The Python program is:

import pkg1

pkg1.initVM()


import pkg2

pkg2.initVM()


c = pkg1.Wtf()

s = pkg2.MyWtf()


# should work, but it gives InvalidArgs

s.f(c)

It will not call s.f because although c is an pkg1.Wtf, it is not the same
Java class (not ==).
It seems we have duplicate wrappers for the same class.

The build looks like:

python3 -m jcc \

        --shared \

        --jar build/pkg1.jar \

        --python pkg1 \

        --build \

        --install \

        --root dist


python3 -m jcc \

        --shared \

        --import pkg1 \

        --package pkg1 \

        --jar build/pkg2.jar \

        --python pkg2 \

        --build \

        --install \

        --root dist

The whole setup is available at https://github.com/ejgroene/jcc-howto.git.
Clone it and run go.sh.

It seems to me that there is a contradiction between --import, as it is
intended for sharing wrappers across extensions, as per

"When more than one JCC-built extension module is going to be used in the
same Python VM and these extension modules share Java classes, only one
extension module should be generated with wrappers for these shared
classes. The other extension modules must be built by importing the one
with the shared classes by using the --import command line parameter. This
ensures that only one copy of the wrappers for the shared classes are
generated and that they are compatible among all extension modules sharing
them."

however, we also need --package for JCC to recognize the type of the
argument and generate code for f as per

"JCC generates wrappers for all public classes that are requested by name
on the command line or via the --jar command line argument. It generates
wrapper methods for all public methods and fields on these classes whose
return type and parameter types are found in one of the following ways:

   - the type is one of the requested classes
   - the type is one of the requested classes' superclass or implemented
   interfaces
   - the type is available from one of the packages listed via the
--package command
   line argument"

(Originally MyWtf extended Wtf, making the wrapper generation for Wtf (in
pkg2) implicit, so we could do without --package.)

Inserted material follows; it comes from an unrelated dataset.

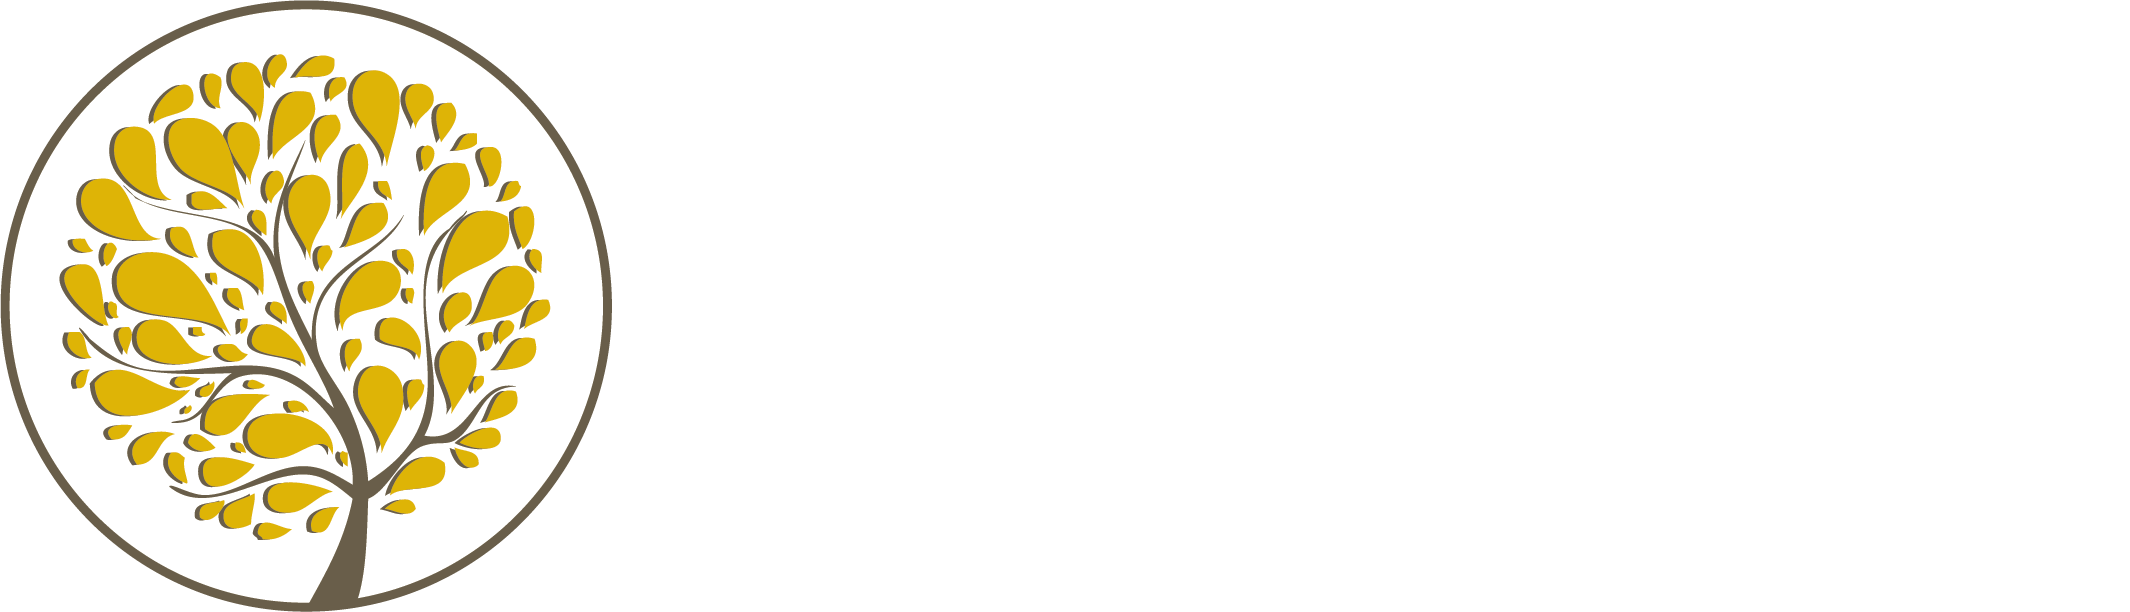 Creekside - Creekside Health & Rehabilitation Center

I looked at all the documentation as well as the (generated) source code,
but I could not find a solution.

What am I doing wrong?

Best regards,
Erik Groeneveld

--
Erik Groeneveld  ♦ seecr.nl ♦ +31 624 584 029

-- 
Seecr helpt informatieprofessionals met het consistent integreren en 
verbinden van decentrale metadata zodat zij zich helemaal kunnen focussen 
op de inhoud. 
Meer weten? Kijk op seecr.nl <https://seecr.nl>.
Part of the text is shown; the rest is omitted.